# [Directions for this task]
In the records below, the line with "A mysterious portrait" opens the range and the line with "Commercial Real Estate" closes it; print that range exactly and nothing else.

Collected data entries
=-=-=
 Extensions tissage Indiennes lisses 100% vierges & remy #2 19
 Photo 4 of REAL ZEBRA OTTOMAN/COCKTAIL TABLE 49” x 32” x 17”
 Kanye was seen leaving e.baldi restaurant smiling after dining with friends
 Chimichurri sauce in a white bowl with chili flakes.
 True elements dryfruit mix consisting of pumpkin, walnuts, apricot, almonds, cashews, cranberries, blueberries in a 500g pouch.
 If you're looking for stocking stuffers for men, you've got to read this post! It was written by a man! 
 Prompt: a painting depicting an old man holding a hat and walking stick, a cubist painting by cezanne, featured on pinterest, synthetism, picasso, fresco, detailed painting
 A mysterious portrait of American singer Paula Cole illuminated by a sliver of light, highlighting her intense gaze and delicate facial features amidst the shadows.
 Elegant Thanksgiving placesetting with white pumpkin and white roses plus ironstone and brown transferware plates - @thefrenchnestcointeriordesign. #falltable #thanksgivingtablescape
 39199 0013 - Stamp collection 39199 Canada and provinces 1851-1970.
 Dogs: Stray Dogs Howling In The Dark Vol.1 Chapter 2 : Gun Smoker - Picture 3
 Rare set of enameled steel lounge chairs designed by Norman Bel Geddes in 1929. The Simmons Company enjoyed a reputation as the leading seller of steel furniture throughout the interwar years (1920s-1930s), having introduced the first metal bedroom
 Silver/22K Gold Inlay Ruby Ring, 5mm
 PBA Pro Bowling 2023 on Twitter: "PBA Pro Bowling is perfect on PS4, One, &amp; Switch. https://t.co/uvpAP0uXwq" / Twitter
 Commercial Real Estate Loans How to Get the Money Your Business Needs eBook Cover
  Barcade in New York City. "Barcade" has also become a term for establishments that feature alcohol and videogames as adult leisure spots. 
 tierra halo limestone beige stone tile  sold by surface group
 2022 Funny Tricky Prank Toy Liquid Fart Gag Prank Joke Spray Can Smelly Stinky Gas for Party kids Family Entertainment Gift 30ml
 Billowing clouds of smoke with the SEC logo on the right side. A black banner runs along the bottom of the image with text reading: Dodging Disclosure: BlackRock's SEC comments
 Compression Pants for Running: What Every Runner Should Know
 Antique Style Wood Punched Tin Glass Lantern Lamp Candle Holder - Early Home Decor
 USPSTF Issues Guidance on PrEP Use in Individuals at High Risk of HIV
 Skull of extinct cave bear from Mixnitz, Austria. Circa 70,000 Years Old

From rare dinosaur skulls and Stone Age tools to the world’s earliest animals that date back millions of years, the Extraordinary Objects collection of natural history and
=-=-=
# [Written response]
 A mysterious portrait of American singer Paula Cole illuminated by a sliver of light, highlighting her intense gaze and delicate facial features amidst the shadows.
 Elegant Thanksgiving placesetting with white pumpkin and white roses plus ironstone and brown transferware plates - @thefrenchnestcointeriordesign. #falltable #thanksgivingtablescape
 39199 0013 - Stamp collection 39199 Canada and provinces 1851-1970.
 Dogs: Stray Dogs Howling In The Dark Vol.1 Chapter 2 : Gun Smoker - Picture 3
 Rare set of enameled steel lounge chairs designed by Norman Bel Geddes in 1929. The Simmons Company enjoyed a reputation as the leading seller of steel furniture throughout the interwar years (1920s-1930s), having introduced the first metal bedroom
 Silver/22K Gold Inlay Ruby Ring, 5mm
 PBA Pro Bowling 2023 on Twitter: "PBA Pro Bowling is perfect on PS4, One, &amp; Switch. https://t.co/uvpAP0uXwq" / Twitter
 Commercial Real Estate Loans How to Get the Money Your Business Needs eBook Cover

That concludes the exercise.